Merge Sort

In a merge sort, the basic idea is to:

  1. Divide an array into two halves
  2. Sort each half
  3. Merge the two sorted halves into a sorted array
Input            M E R G E S O R T E X A M P L E
Sort Left Half   E E G M O R R S
Sort Right Half                  A E E L M P T X
Merge Results    A E E E E G L M M O P R R S T X

The sorting of the left and right halves are easily done recursively. That leaves the key step in merge sort -- the "merge". The below diagram shows the recursive breakdown (up to the center row) and merging together of the smaller lists created into the final sorted array.

The merging of two sections comes at a cost -- we must allocate enough memory space to create an auxiliary array the same size as the array we are sorting.

Then we can first copy all of the elements of our array to the auxiliary array, so that we can then merge them back into the original array in the proper order.

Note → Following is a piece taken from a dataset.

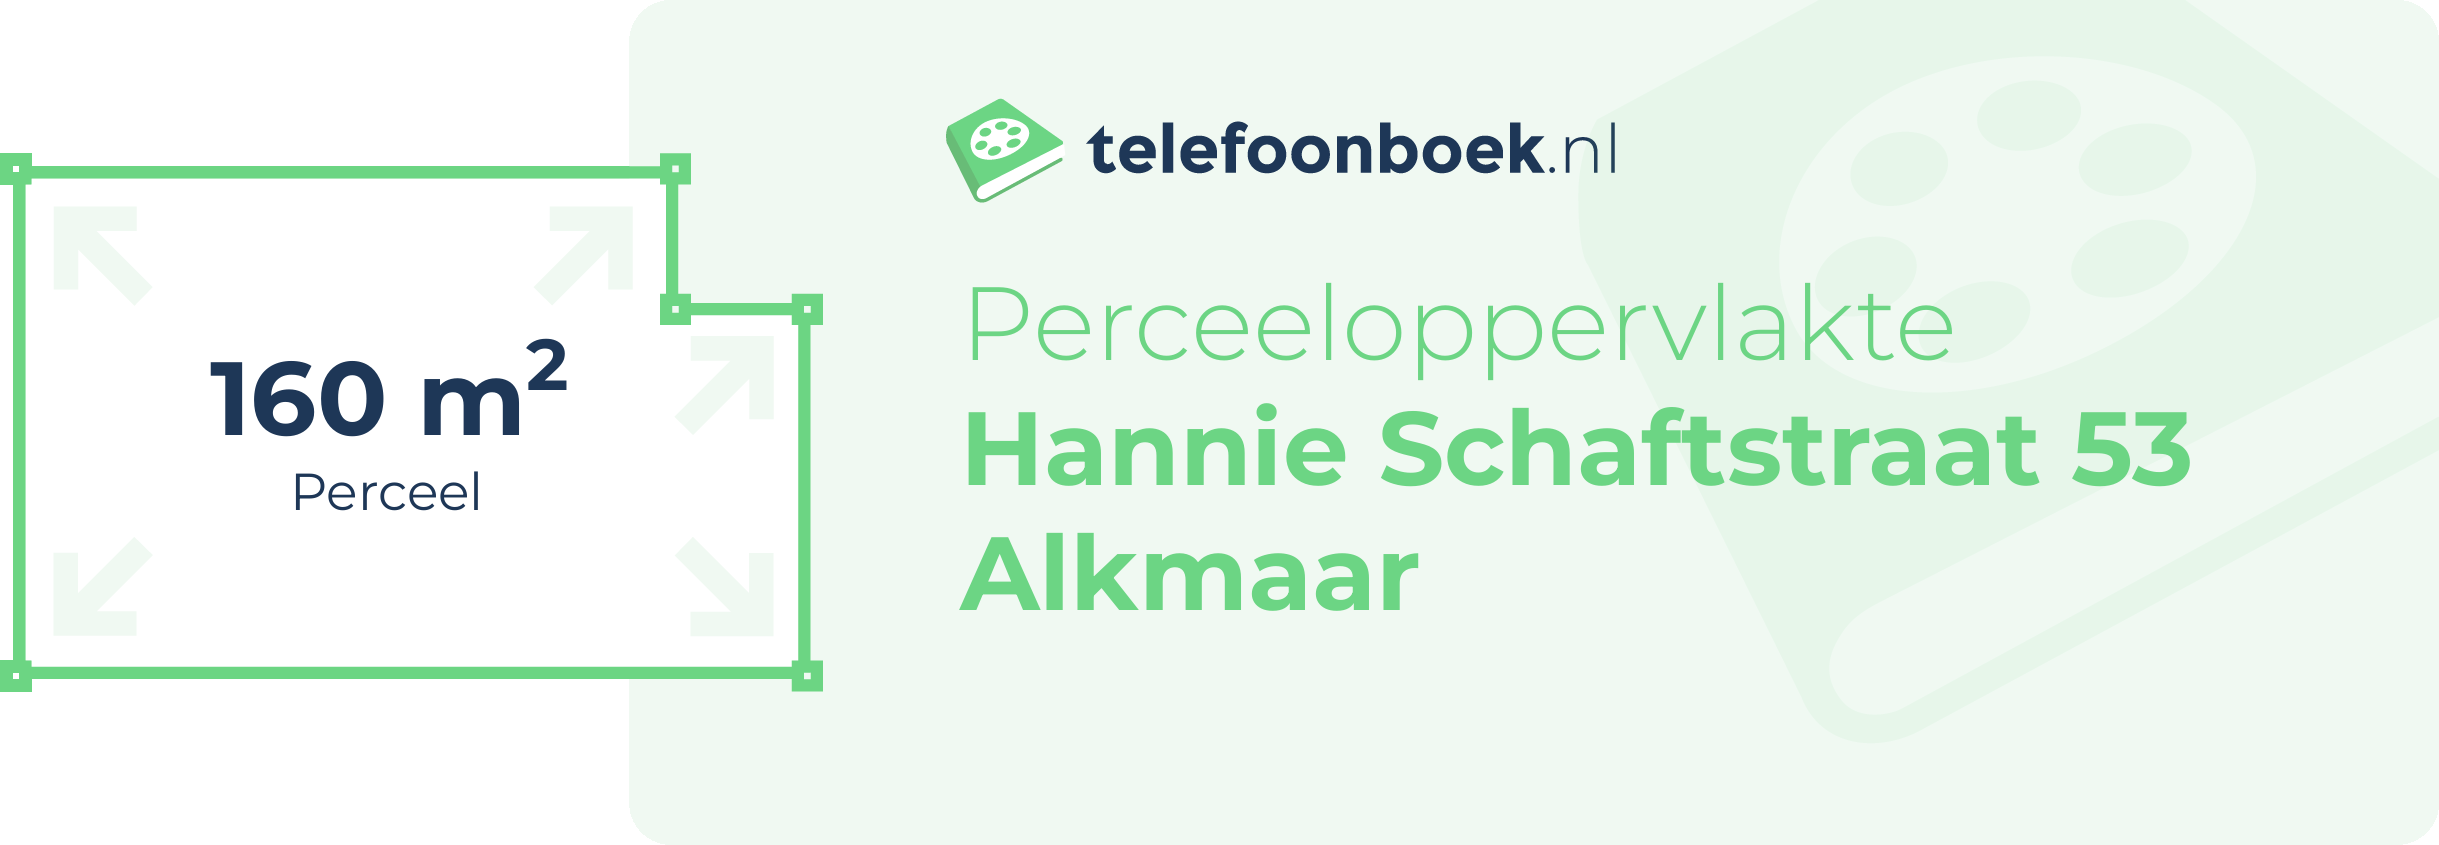 Perceeloppervlakte Hannie Schaftstraat 53 Alkmaar
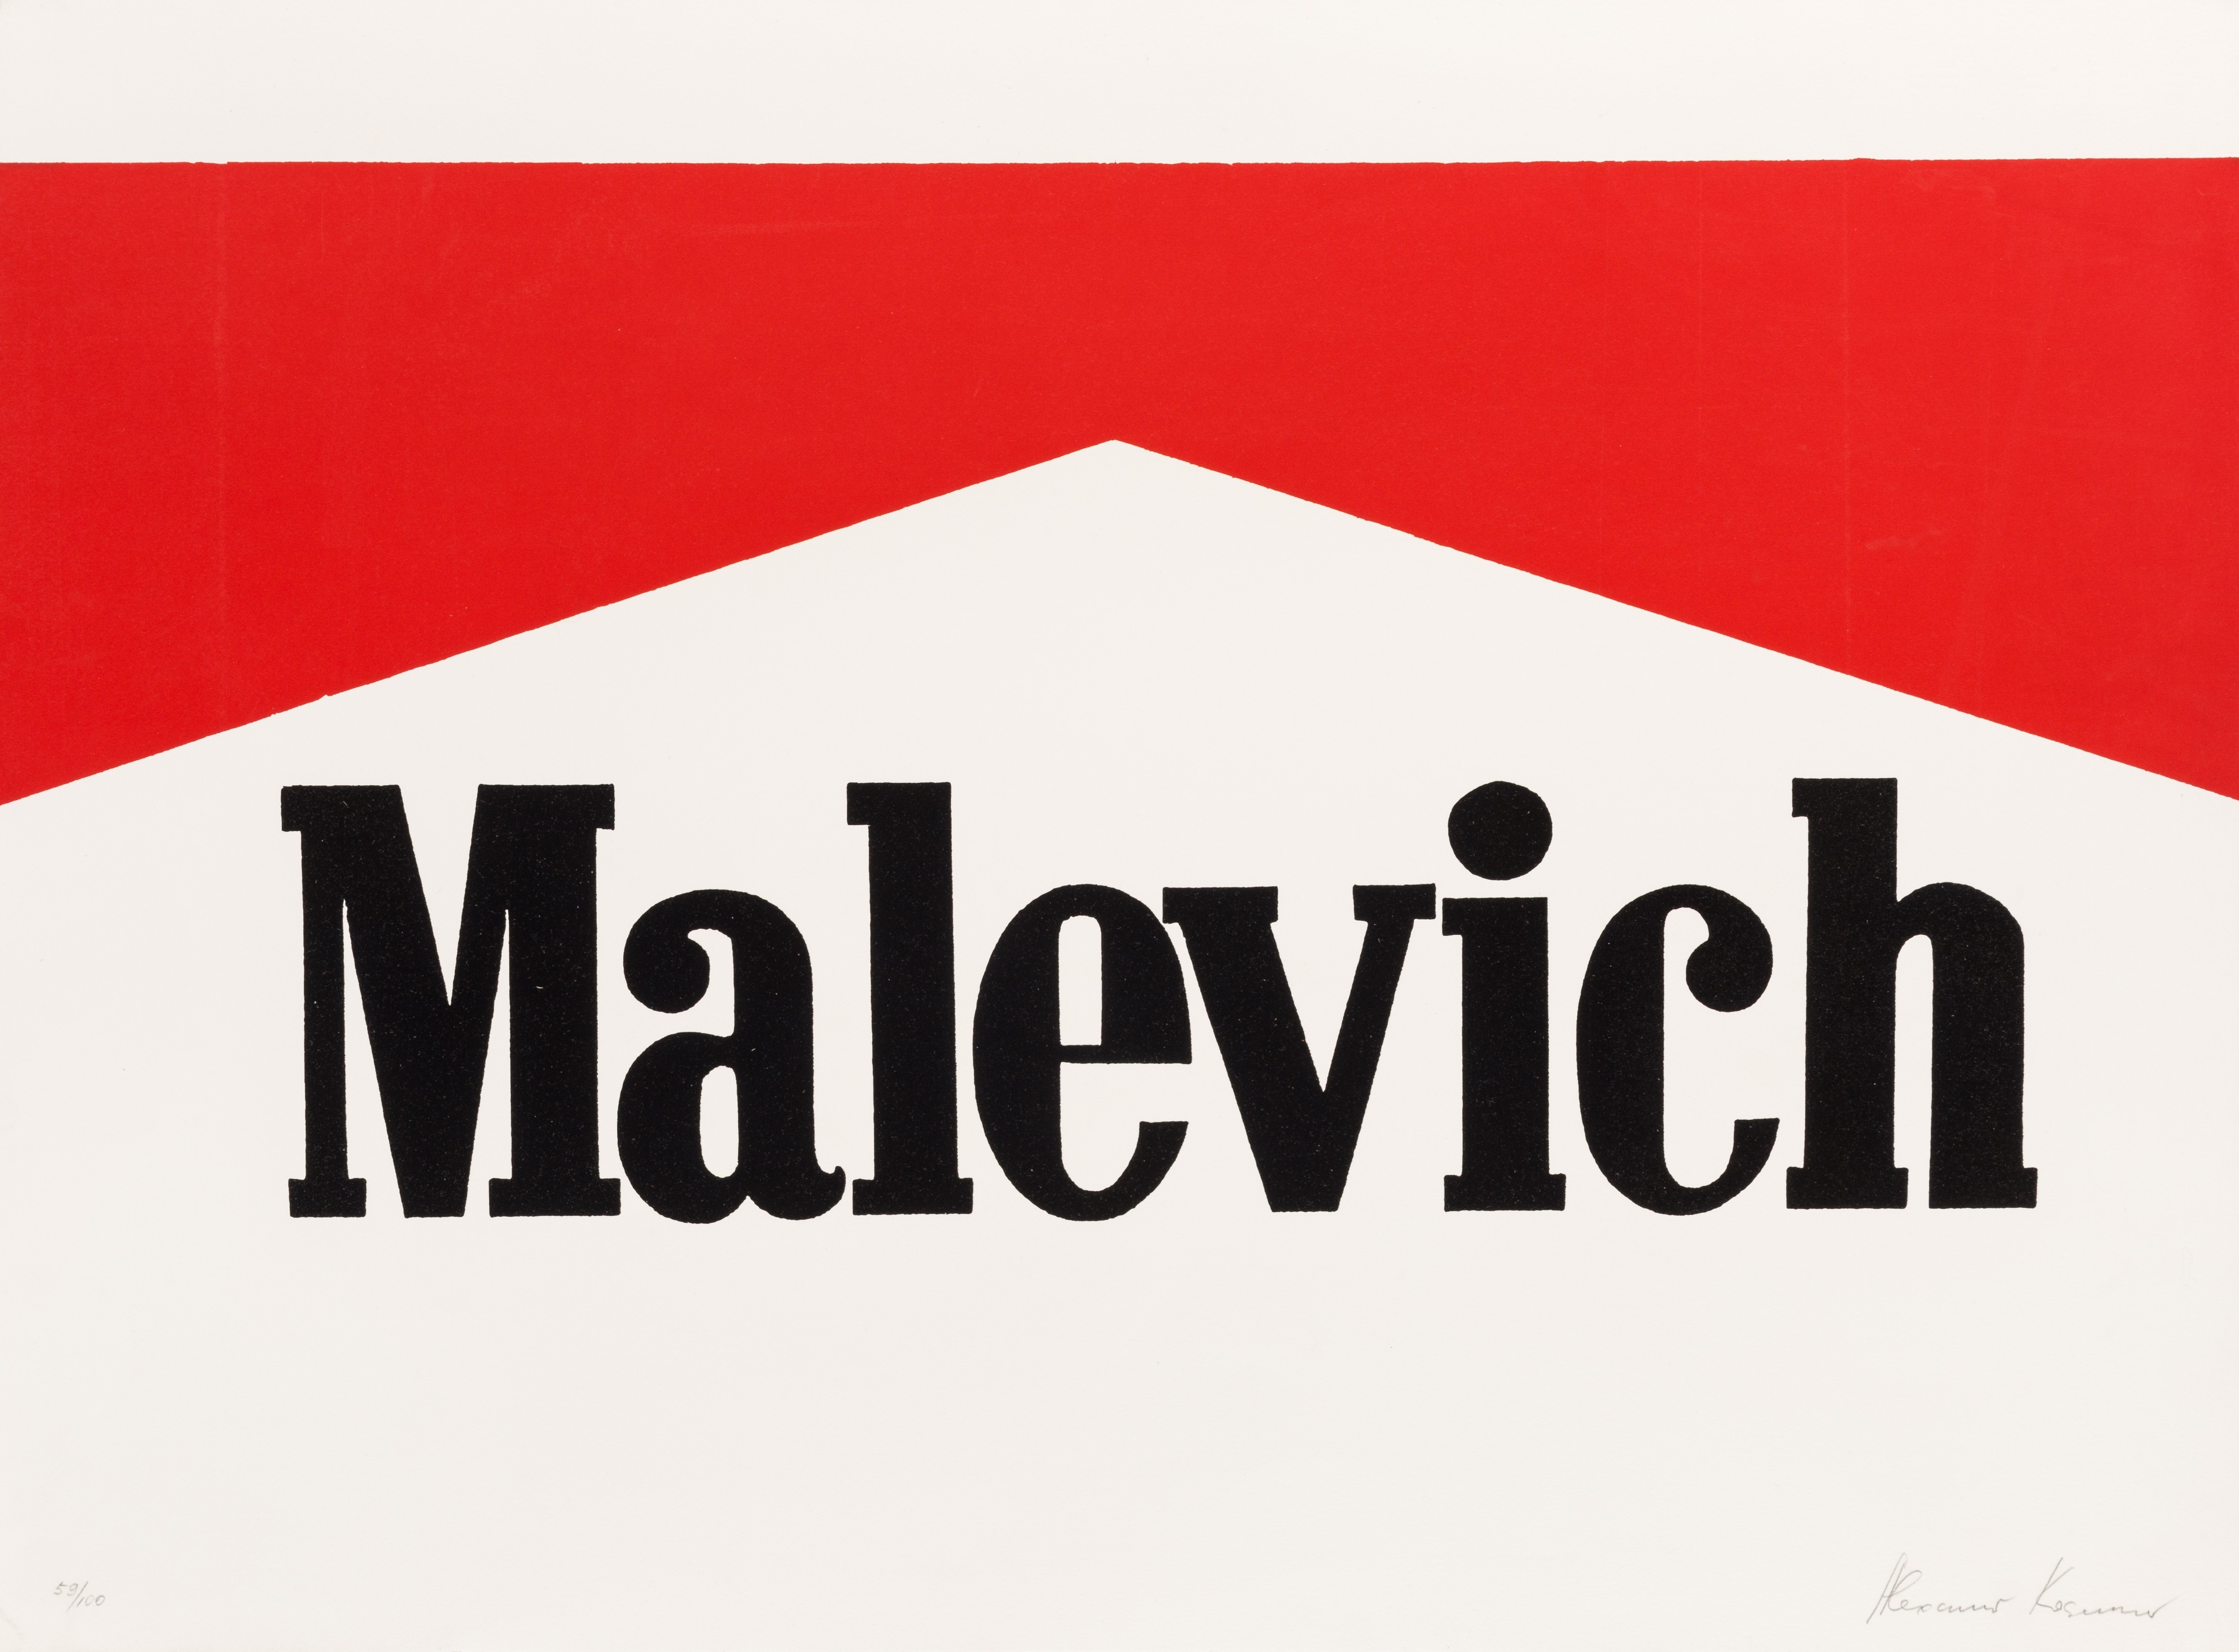 Malevich by Alexander Kosolapov, circa 1990

To see how this is accomplished, let us first denote the original array by a[] and the auxiliary array by aux[].

Also, let us suppose we are trying to merge two sections of the array that span from index lo to index hi, and that these two sections (one from index lo to index mid, the other from index mid+1 to index hi, where mid = (lo + hi) / 2), are already sorted.

Then we do the following:

  1. Start by examining the first elements (i.e., the smallest) of each half. Let us keep track of the elements examined by storing the values of their indices. Initially, these are i = lo and j = mid+1
  2. We compare and copy the smaller element (aux[i] or aux[j]) to a[n] where n=lo, initially.
  3. We increment the index (i or j) associated with the half from which we copied, and also increment n
  4. If we reach the end of either half, we copy the remaining elements from the other half, incrementing indices as necessary

Cost Analysis

Note, the cost of a merge sort can be broken into two parts:

With this in mind, if we suppose that the cost function for sorting $n$ items is $C(n)$, we can say:

$$C(n) = 2 C(\frac{n}{2}) + n \quad ; \quad C(1) = 0$$

Let us attempt to solve this recurrence relation. First, let us make the simplifying assumption that $n = 2^m$ for some integer $m$.

With this, we can rewrite $C(n)$ as

$$\begin{array}{rclc} C(n) &=& 2C(2^{m-1}) + 2^m & \quad \scriptsize{\textrm{using the recursive relationship,let's rewrite $C(2^{m-1})$...}}\\\\ &=& 2[ 2 C(2^{m-2}) + 2^{m-1}] + 2^m & \quad \scriptsize{\textrm{we can of course do this multiple times...}}\\\\ &=& 2^2 C(2^{m-2}) + 2 \cdot 2^{m} &\\\\ &=& 2^2[ 2 C(2^{m-3}) + 2^{m-2}] + 2 \cdot 2^{m} &\\\\ &=& 2^3 C(2^{m-3}) + 3 \cdot 2^{m} & \quad \scriptsize{\textrm{by now the pattern should be clear...}}\\\\ &=& 2^k C(2^{m-k}) + k \cdot 2^{m} & \quad \scriptsize{\textrm{this holds for any integer $k$ up to $m$, thus...}}\\\\ &=& 2^m C(2^{m-m}) + m \cdot 2^{m} & \quad \scriptsize{\textrm{this holds when we consider $k=m$}}\\\\ &=& 2^m C(1) + m \cdot 2^{m} & \quad \scriptsize{\textrm{but recall the base case - $C(1)=0$...}}\\\\ &=& m \cdot 2^m & \quad \scriptsize{\textrm{now note that $n = 2^m$ implies $m = \log_2 n$...}}\\\\ &=& (\log_2 n) \cdot n\\\\ \end{array}$$

Thus, the cost function $C(n)$ is $O(n \ln n)$.